**Required work**
Copy the entries below word for word, minus the pictures.
=== Data for review ===
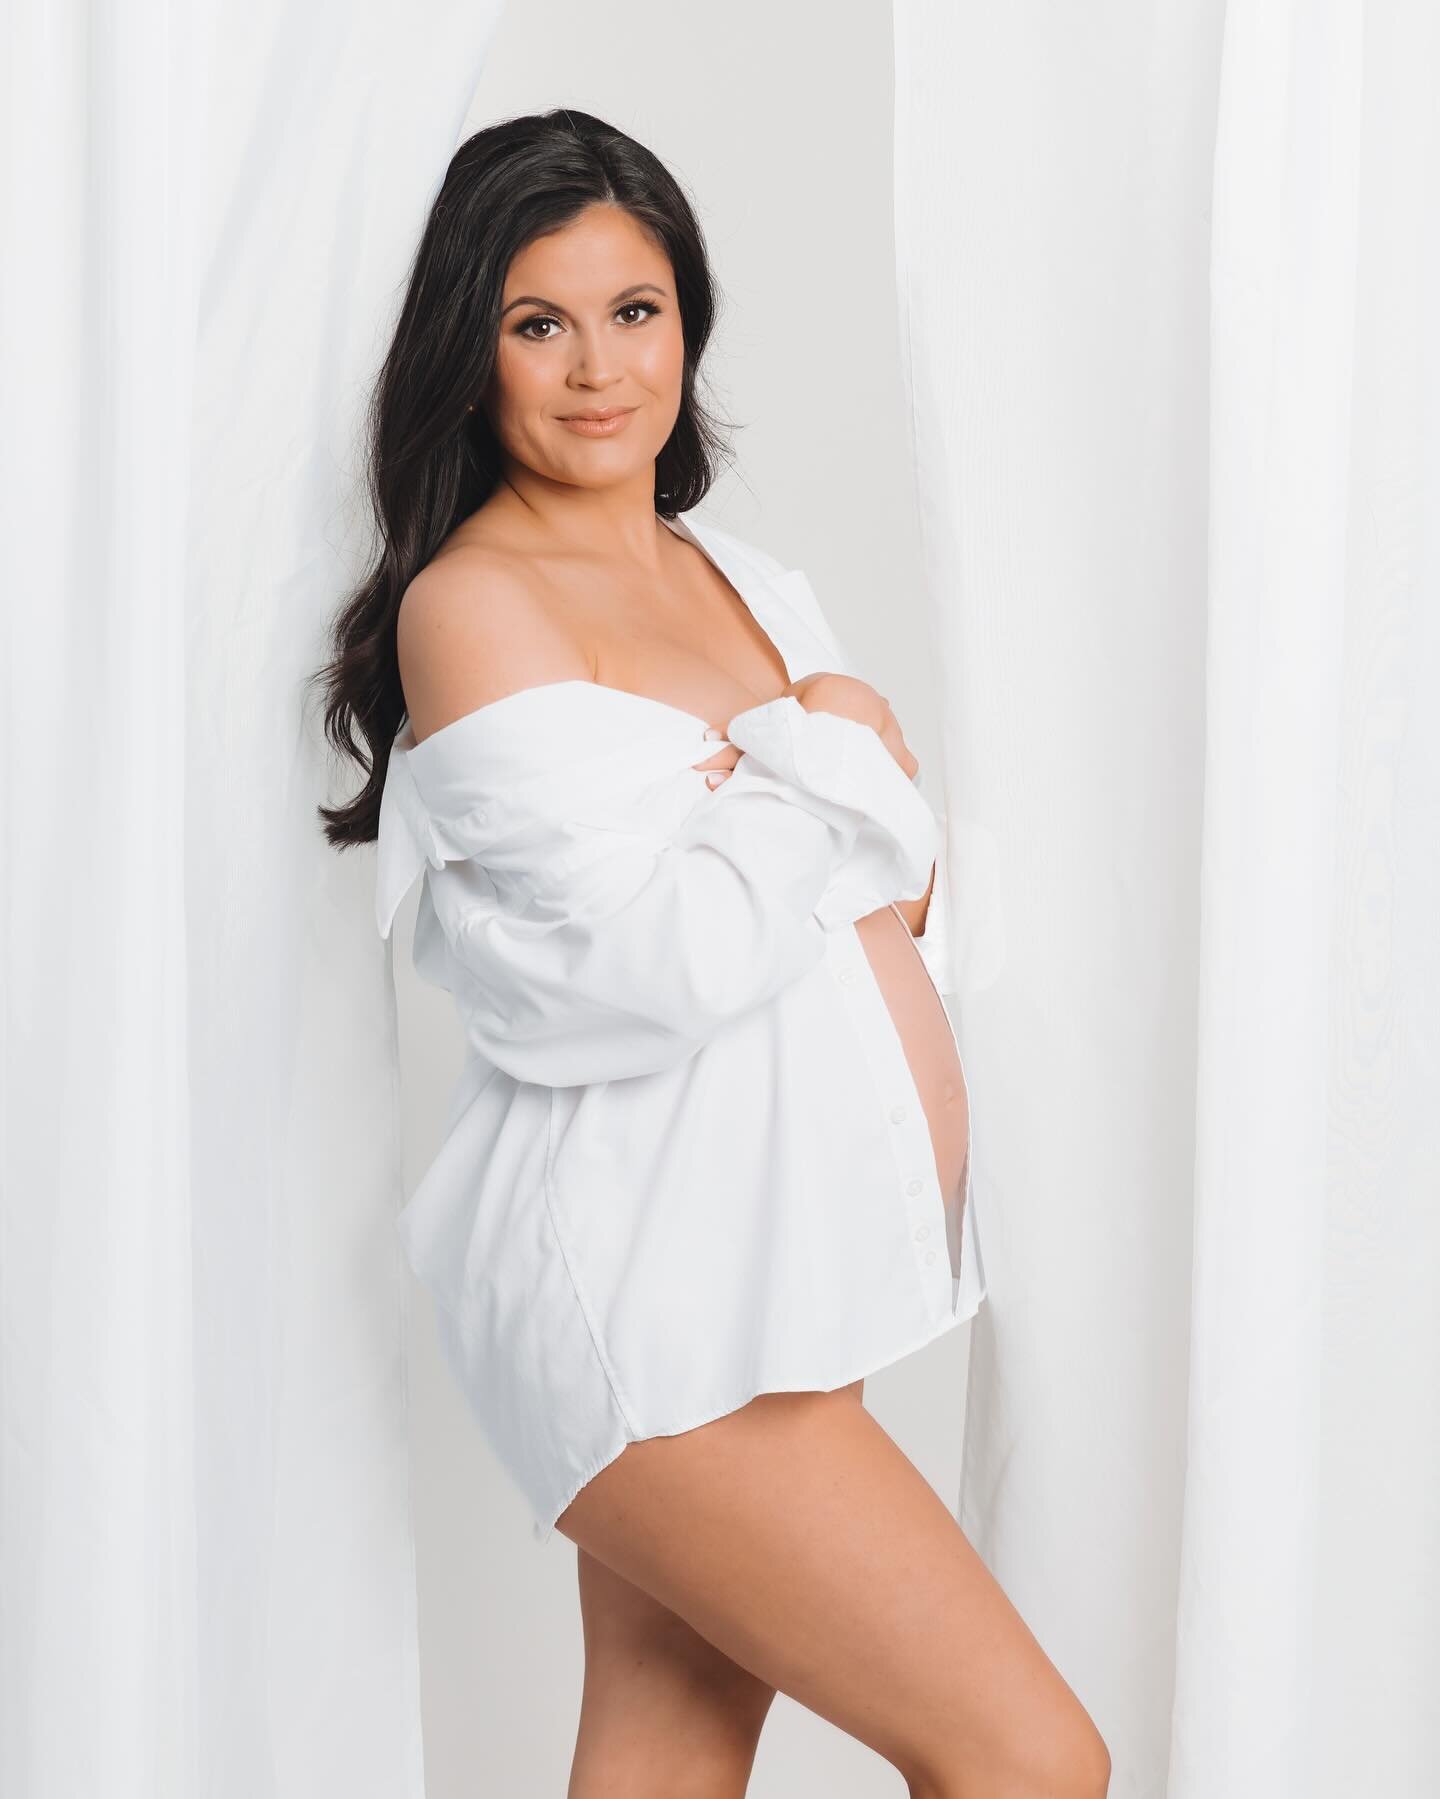 A GLOWING mama to be ✨🤍 @oliviamaddoxgriffith you are STUNNING! 
&bull;
Hair &amp; Makeup by @hmbyasianicole 
&bull;
Fill out the inquiry form on my website to book your studio maternity photoshoot 💌
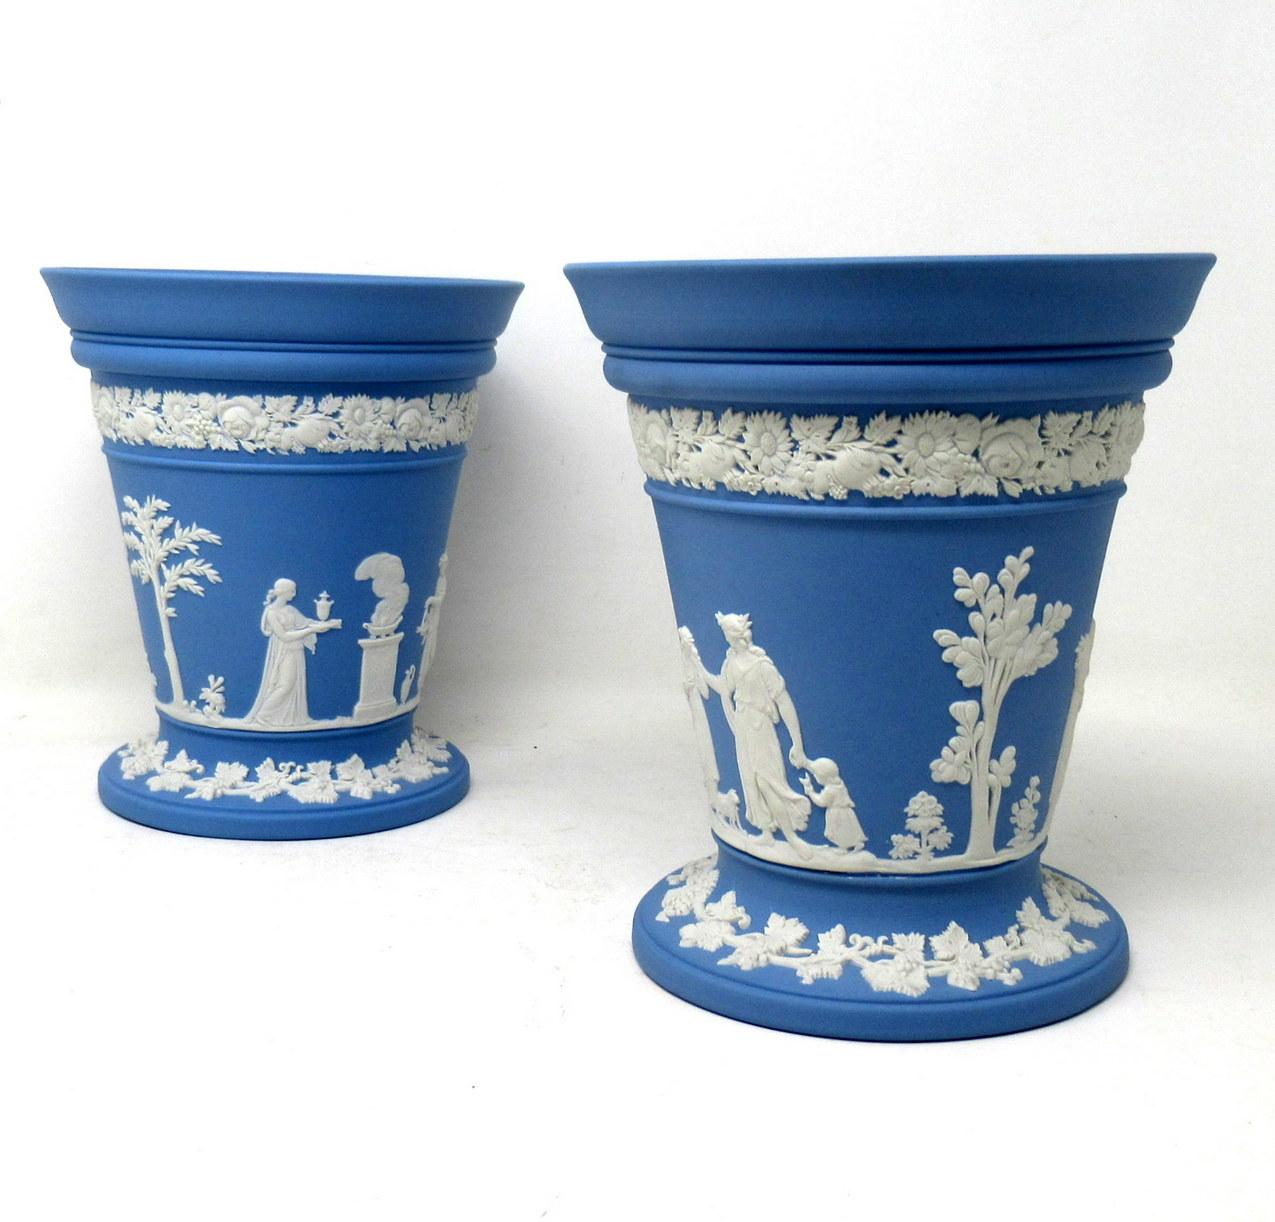 An exceptionally fine example of a pair of English blue jasper ware Wedgwood flower vases of good size proportions and outstanding heavy gauge quality, complete with their original flower receptacles. Mid century, dated 1960s.

Of trumpet form
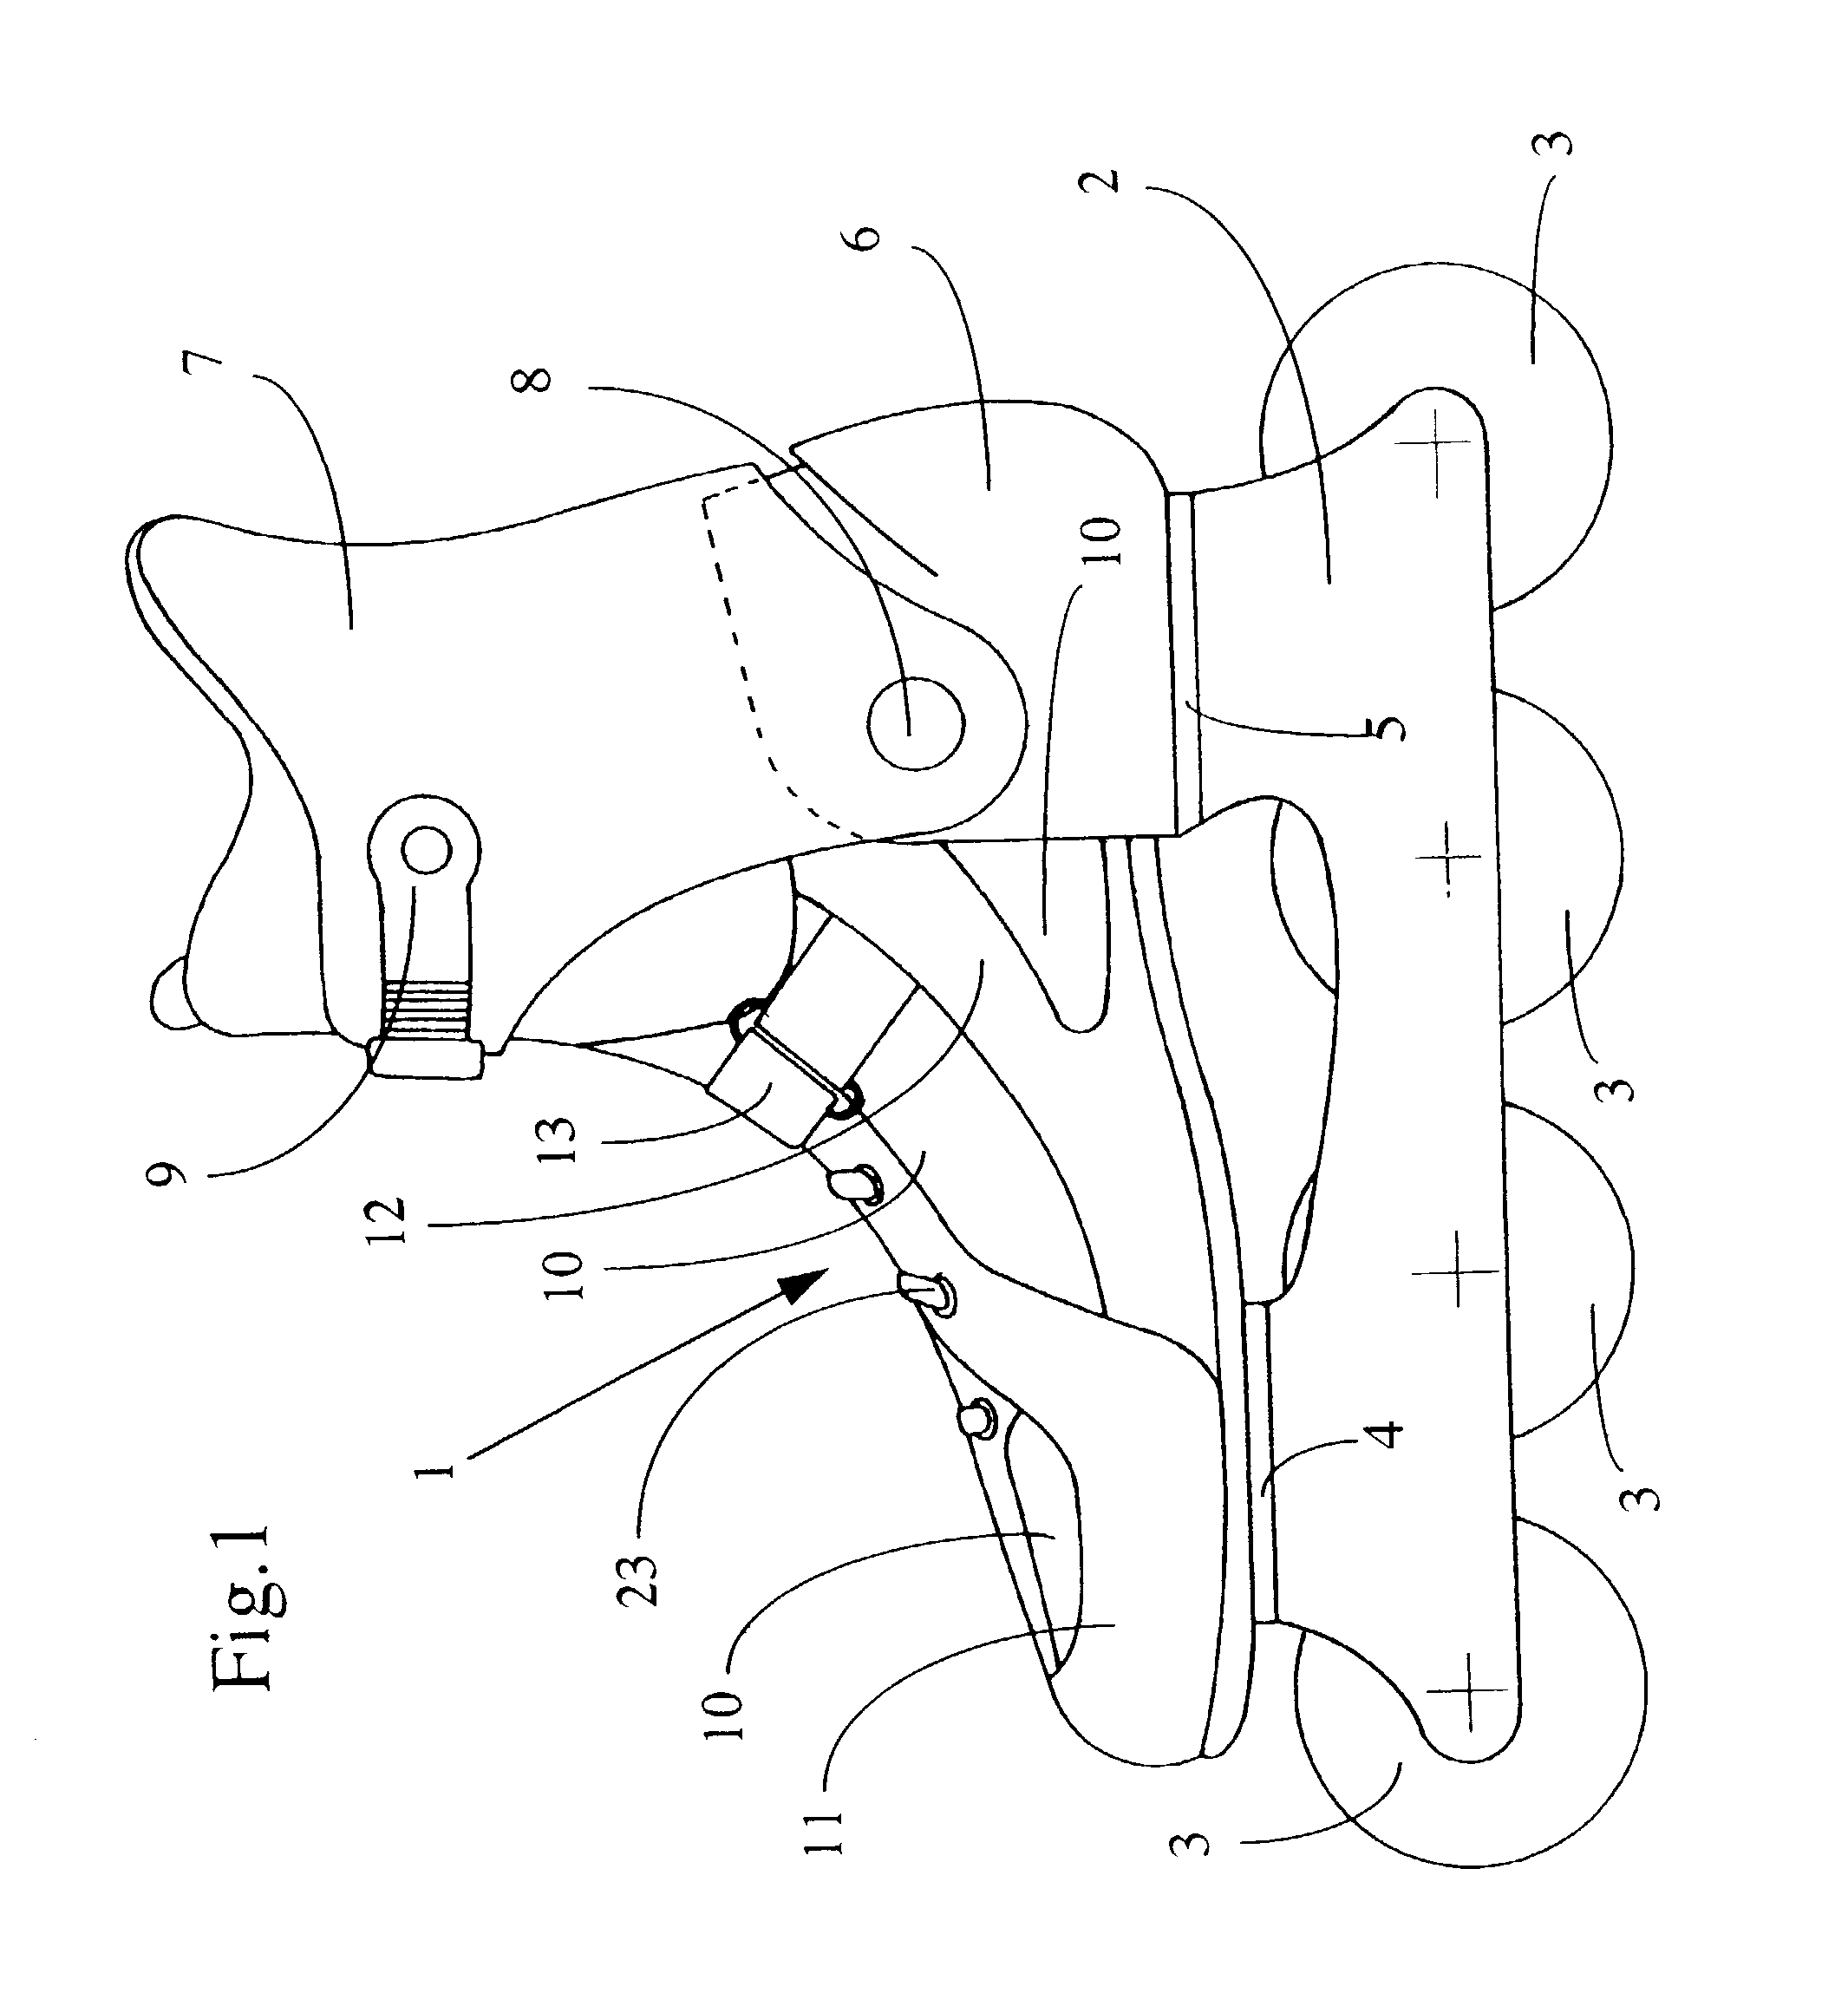 Method of manufacturing in-line roller skate with detachable boot
===
**Your solution**
 A GLOWING mama to be ✨🤍 @oliviamaddoxgriffith you are STUNNING! 
&bull;
Hair &amp; Makeup by @hmbyasianicole 
&bull;
Fill out the inquiry form on my website to book your studio maternity photoshoot 💌
 An exceptionally fine example of a pair of English blue jasper ware Wedgwood flower vases of good size proportions and outstanding heavy gauge quality, complete with their original flower receptacles. Mid century, dated 1960s.

Of trumpet form
 Method of manufacturing in-line roller skate with detachable boot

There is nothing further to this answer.